Thu Jun 18, 2020 2:33 am

TonyClifton wrote:
EMBSPBR wrote:
TonyClifton wrote:

Bingo! Does the MRJ have any underfloor baggage space? I know the fuselage is not as tall as the ERJ, but even the CRJ-700/900 managed to fit small holds. 900 usually puts excess carryons under the jet, and checked bags in the tail. Granted, bigger bins compared to the CRJ does mean fewer need to get yanked and tagged.
If M100 could throw some bags underneath, you might manage a slightly shorter rear fuselage and lighter jet.


Nope:

Image

At least unlike the CRJ, it won’t be excessively tail heavy, so as long as the volume is there it’s fine. Really would be interesting to see what they can learn from the M90 to pivot into a more clean sheet M100 design. Maybe I’m just an optimist, but I could see them righting any design wrongs and timing it well to capture the purchase market. Make no mistake, there will be demand for hundreds by the end of this decade.

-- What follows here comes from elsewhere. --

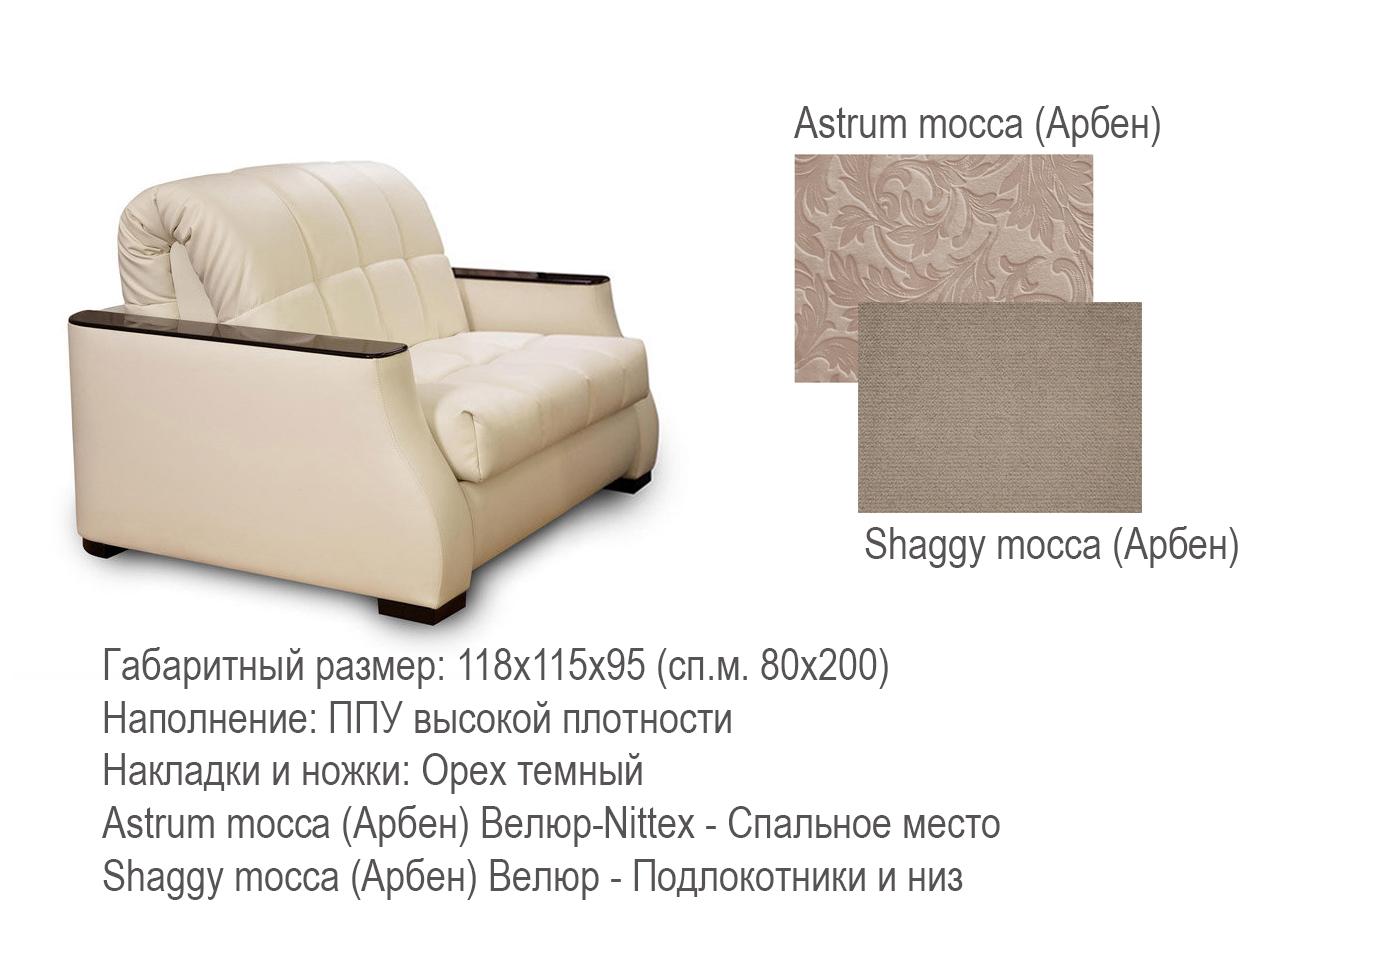 Кресло-кровать Аделетта м211 — Кресло-кровать Аделетта

You’d think some here in this forum would be happy that they’re actually correcting design issues the airplane had BEFORE entering service - especially those that potentially would have an impact on safety and operational reliability.

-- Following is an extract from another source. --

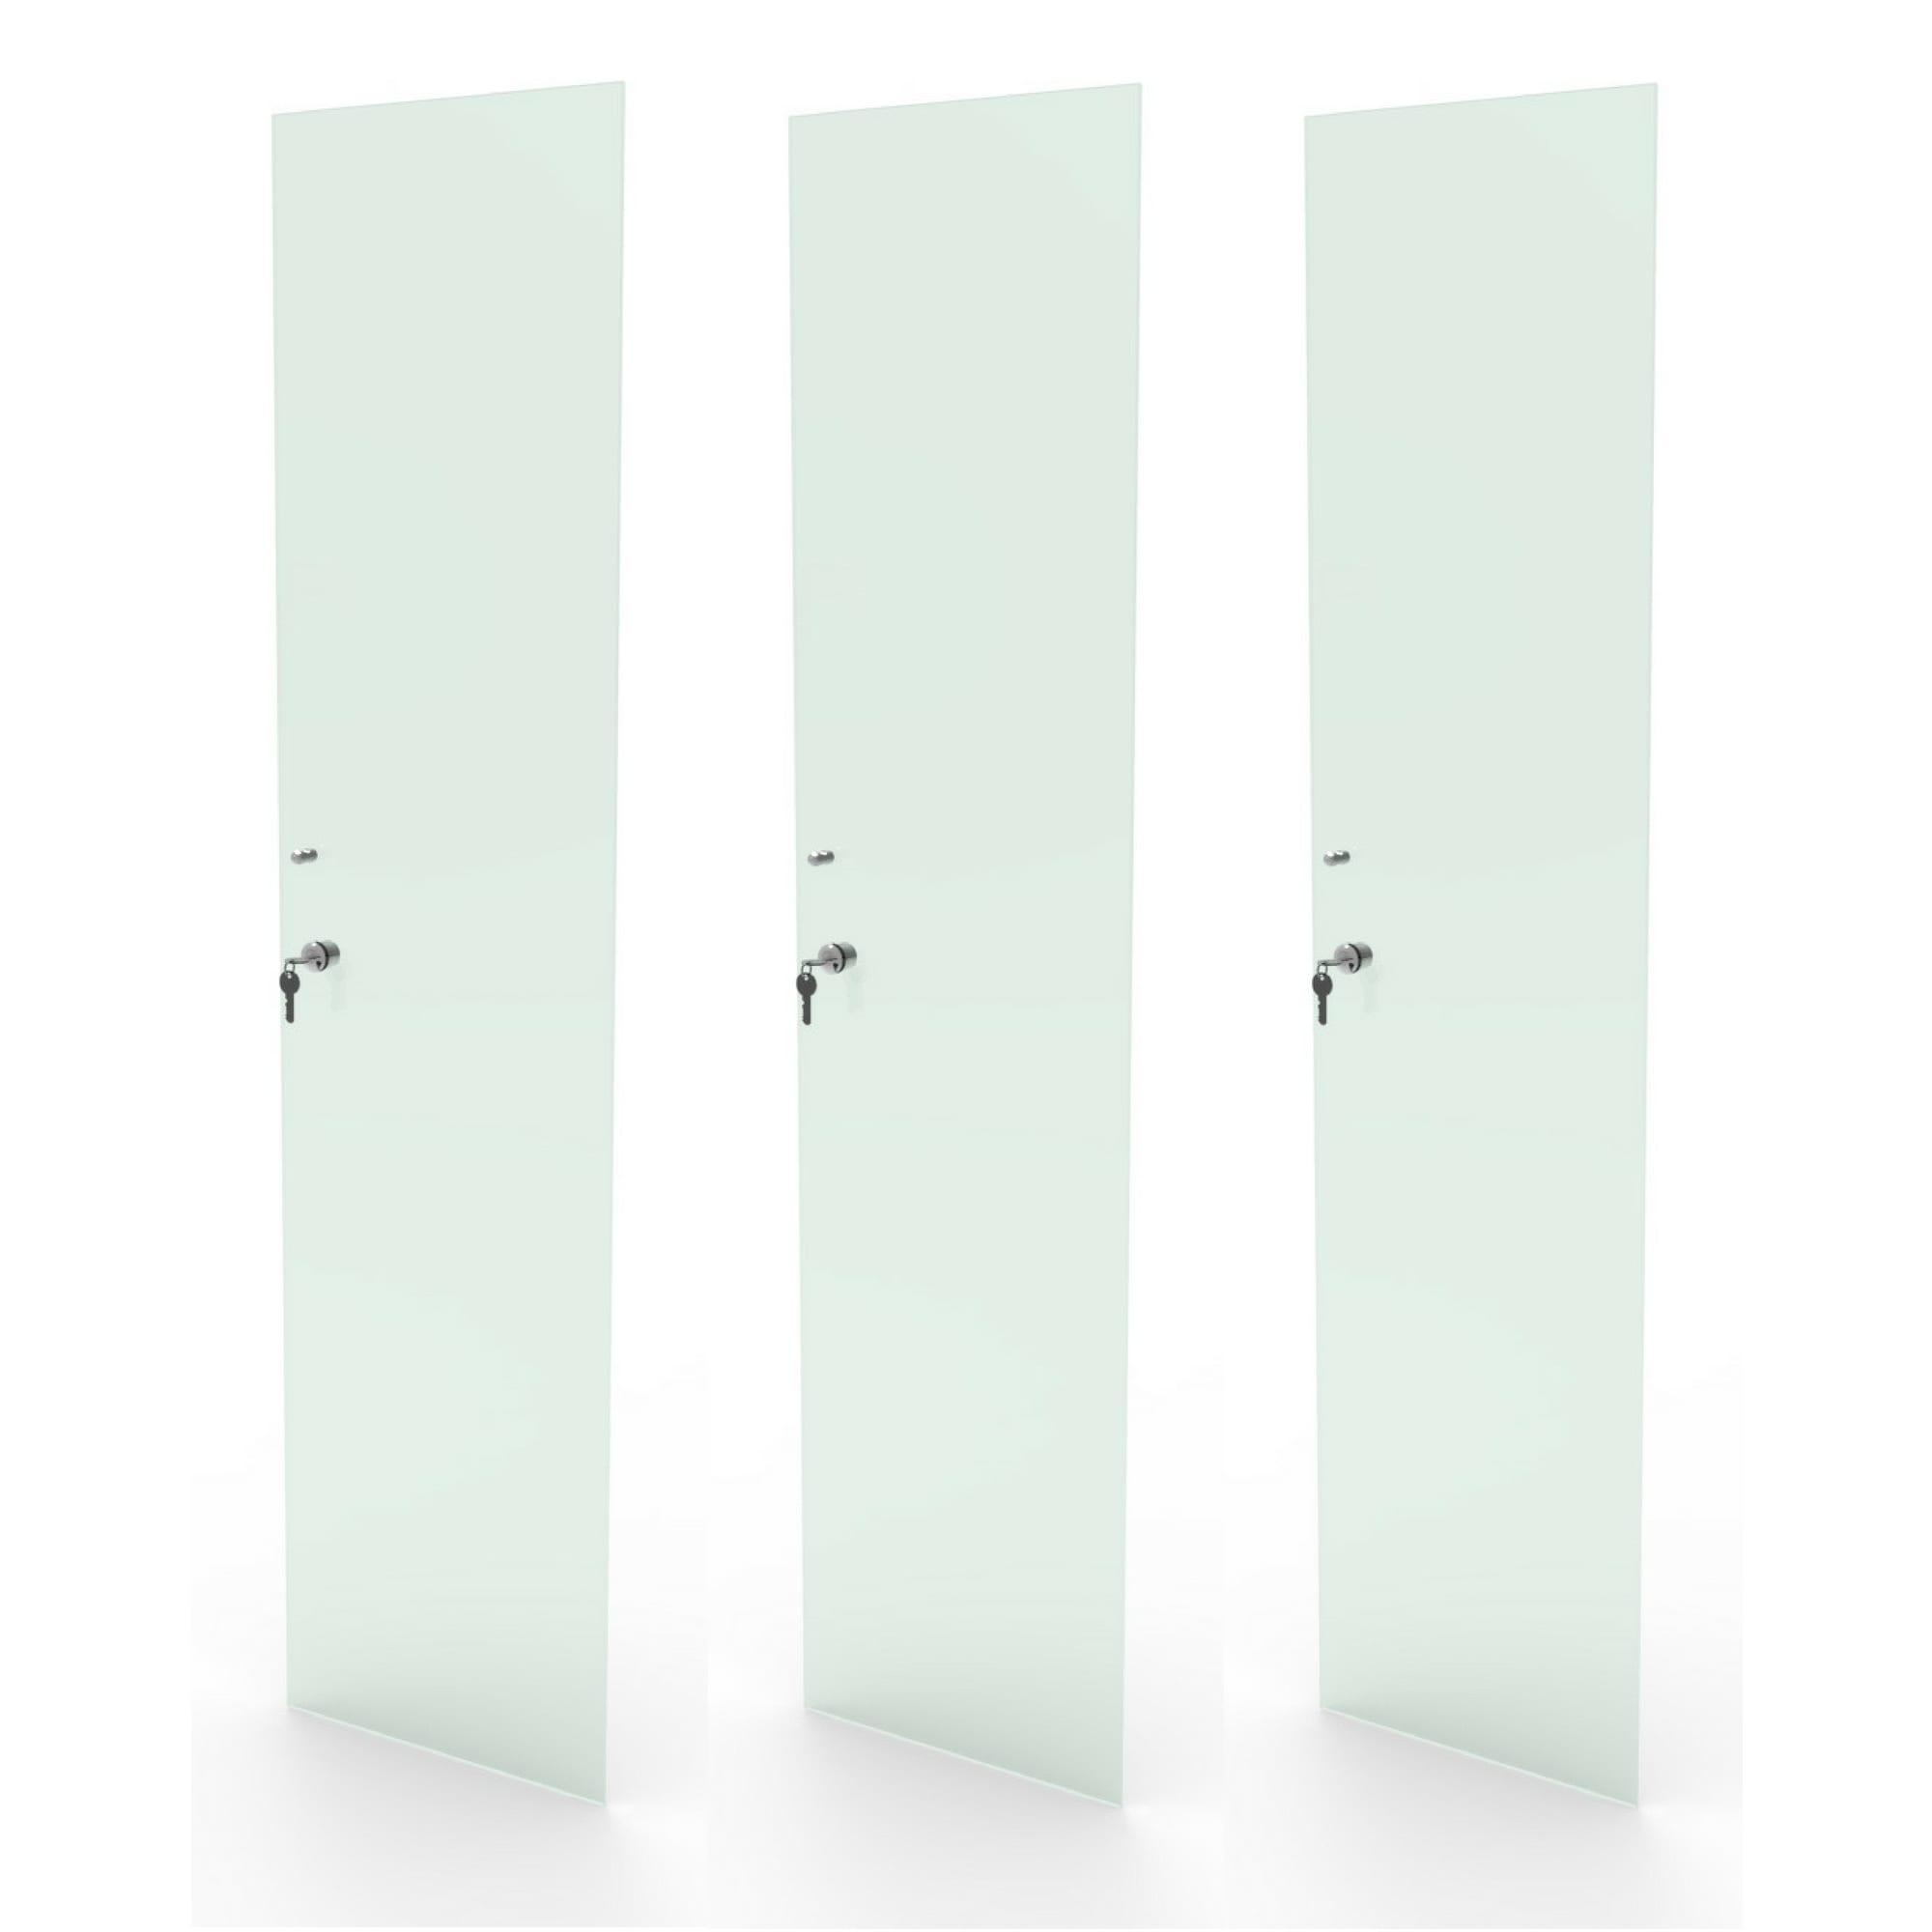 Kit 3 portas de vidro incolor com chave para estante CD e DV Bürohaus

But some instead choose to derail the discussion repeatedly with their bashing on the company - some even claiming “technical incompetence” (given the company has a decent portfolio of airplanes over several decades, even if it’s not many in the civil arena...).

Personally I believe the airplane will sell okay once it’s sorted - it’s not the first all new design to have had delays and gone on to sell in decent numbers, won’t be the last.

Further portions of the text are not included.